Pembalap Indonesia pertama yang menembus ajang Grand Prix 250 cc ini menjelaskan bahwa para rider harus menempuh perjalanan keluar daerah jika ingin merasakan atmosfer sirkuit permanen. Salah satu destinasi tujuan yang sering dikunjungi berada di daerah Boyolali.

"Kalau weekend baru ke Boyolali kita, sirkuit permanen," kata Doni.

Meskipun hanya memanfaatkan area parkir Stadion Mandala Krida, Doni menilai tata letak lintasan yang digunakan tergolong variatif. Variasi ini sengaja dibuat agar kemampuan pembalap tidak stagnan.

"Layout dari stadion Mandala sendiri relatif tidak monoton. Setiap hari layout bisa berubah. Kita buat bersama dengan teman-teman racing school yang ada," paparnya.

Namun, kendala baru kini muncul terkait durasi pemakaian area latihan di Mandala Krida yang semakin diperketat. Masalah kebisingan knalpot motor balap menjadi alasan utama pembatasan jadwal latihan tersebut.

"Kalau Mandala Krida sekarang hari Selasa dan Sabtu bisa kita latihan. Dulu hampir lima kali bisa dipakai. Karena ada pengaruh suara kebisingan jadi sementara seminggu dua kali," ungkapnya.

Situasi ini memaksa komunitas dan sekolah balap setempat untuk memutar otak. Mereka dituntut menyusun program latihan secara lebih cermat agar performa para pembalap tetap terjaga dengan baik.

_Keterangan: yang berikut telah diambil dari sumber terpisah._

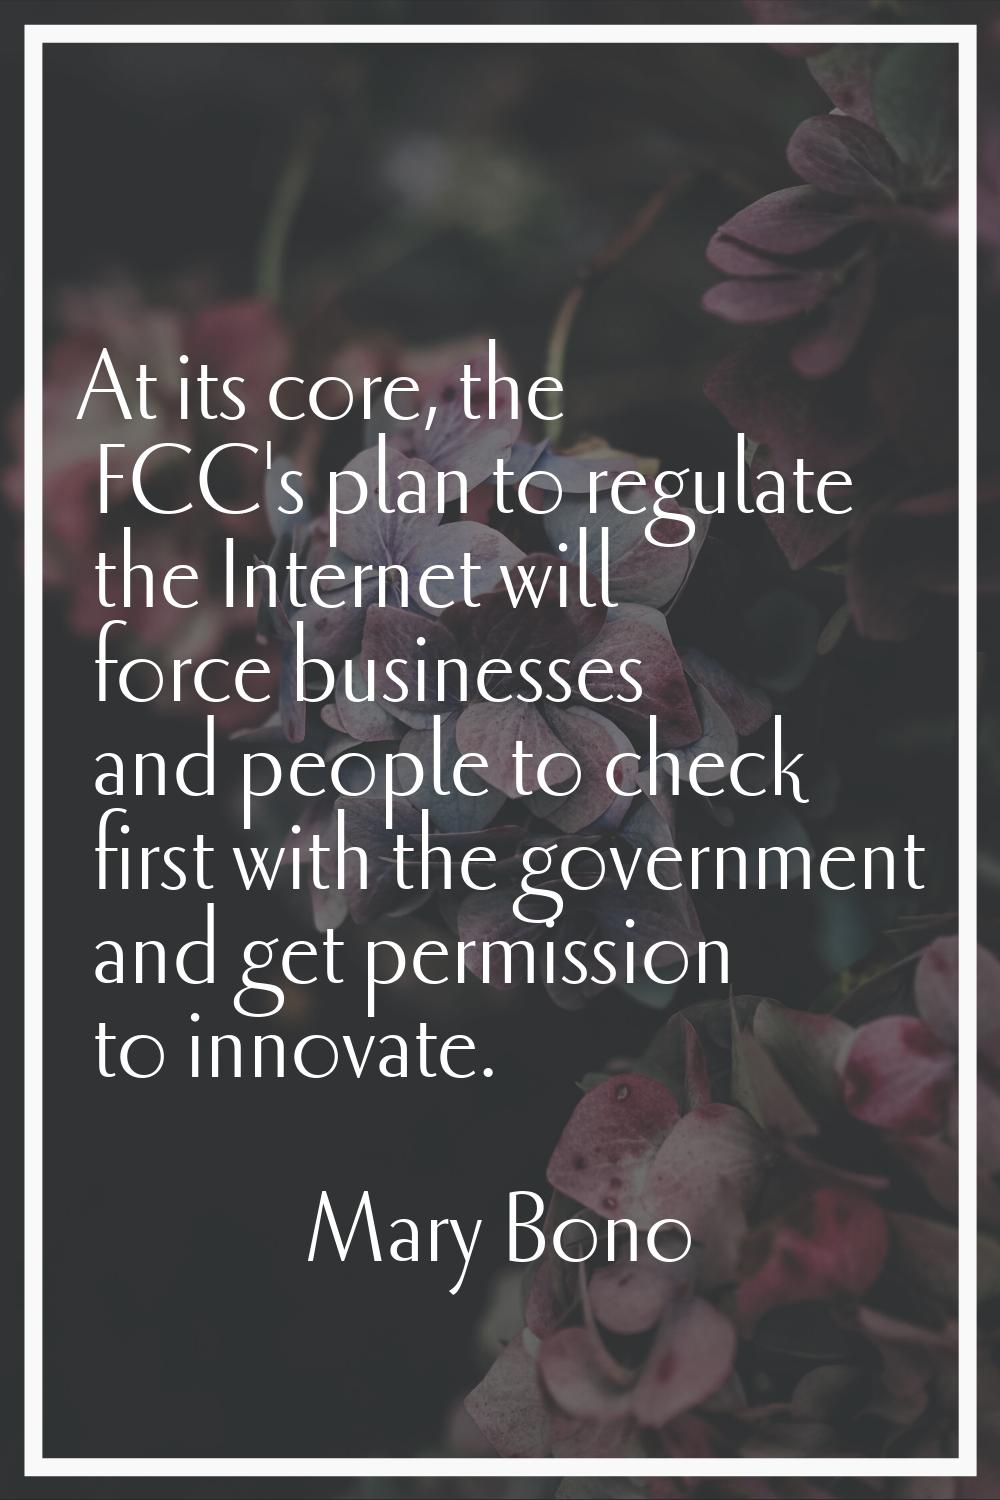 At its core, the FCC's plan to regulate the Internet will force businesses and people to check firs
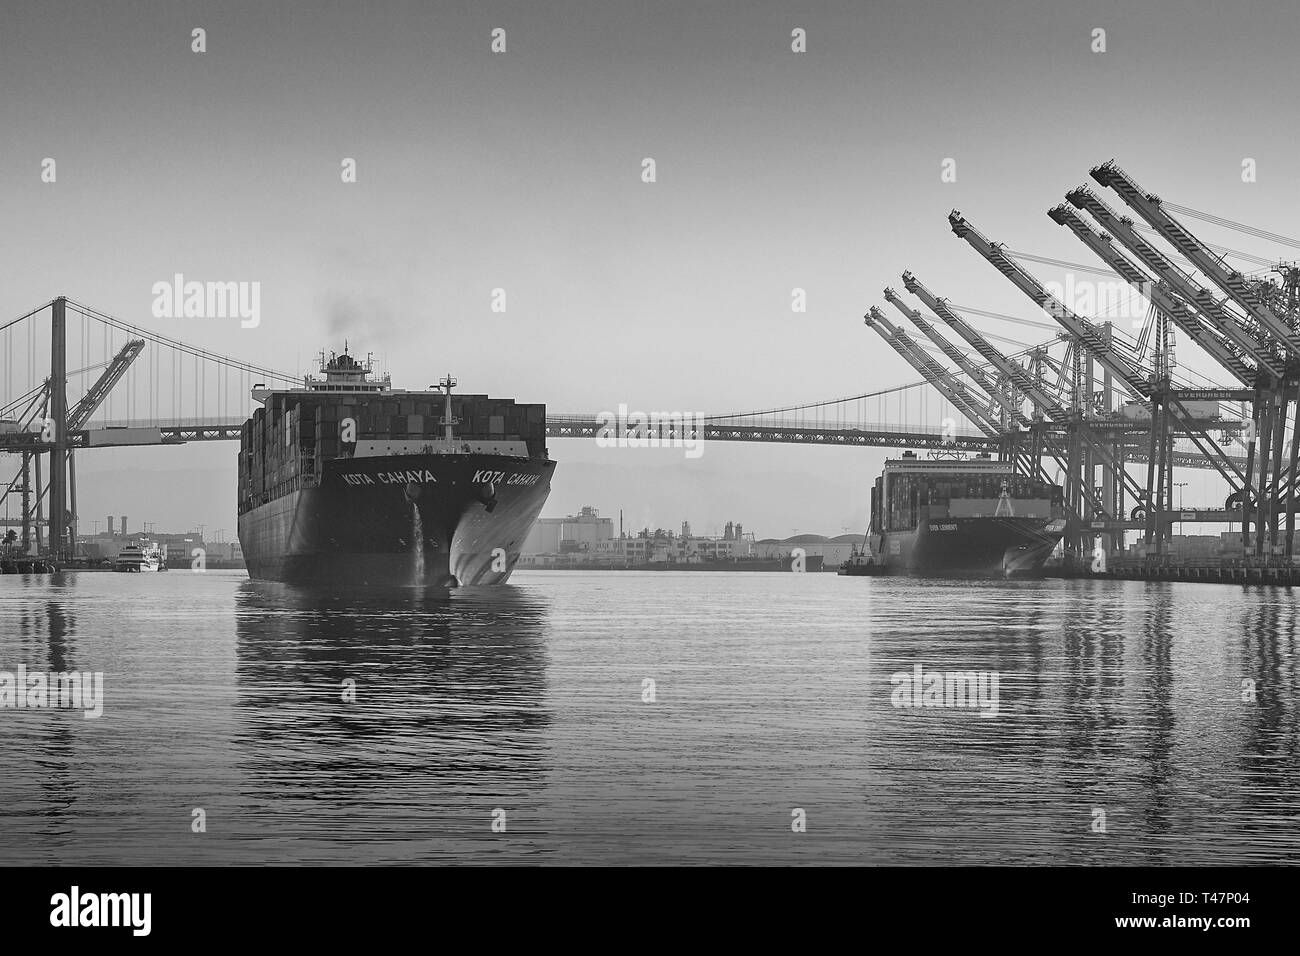 Black And White Photo Of The Container Ship, KOTA CAHAYA, Pumping Ballast Water Overboard (De-Ballasting), As She Departs The Port Of Los Angeles, USA Stock Photo

Wacana Swadaya Komunitas Balap

Doni menegaskan bahwa impian memiliki sirkuit permanen sudah lama dinantikan oleh para pelaku otomotif dan pembalap di Kota Gudeg tersebut. Kehadiran sirkuit representatif dinilai krusial untuk menunjang profesionalisme pembinaan.

"Pastinya, biar jadwal latihan kita bisa rutin dan lebih proper lagi," kata Doni.

Ia menyayangkan absennya realisasi pembangunan fasilitas balap resmi dari pemerintah daerah. Padahal, kontribusi pembalap asal Yogyakarta dalam mengharumkan nama Indonesia di panggung dunia sangat signifikan.

"Dari zaman saya sampai sekarang belum ada realisasi atau perhatian dari pemerintah daerah untuk pembuatan sirkuit. Sangat disayangkan saja ya," ujarnya.

Menurutnya, minimnya infrastruktur pendukung sangat kontras dengan grafik prestasi para atlet yang terus meroket di kancah internasional.

"Banyak rider pebalap asli Jogja berprestasi mengharumkan nama Indonesia di kancah internasional, tapi tidakada perhatian dari pemerintah daerah untuk dibuat fasilitas sirkuit permanen," tegasnya.

Merespons ketidakpastian ini, muncul inisiatif dari internal pencinta otomotif Yogyakarta untuk bergerak secara mandiri demi mewujudkan tempat latihan yang layak.

"Baru wacana dari teman-teman IMI Jogja, mau pada saweran untuk sewa lahan dan pembuatan sirkuit para pelaku balap otomotif Jogja," ungkap Doni.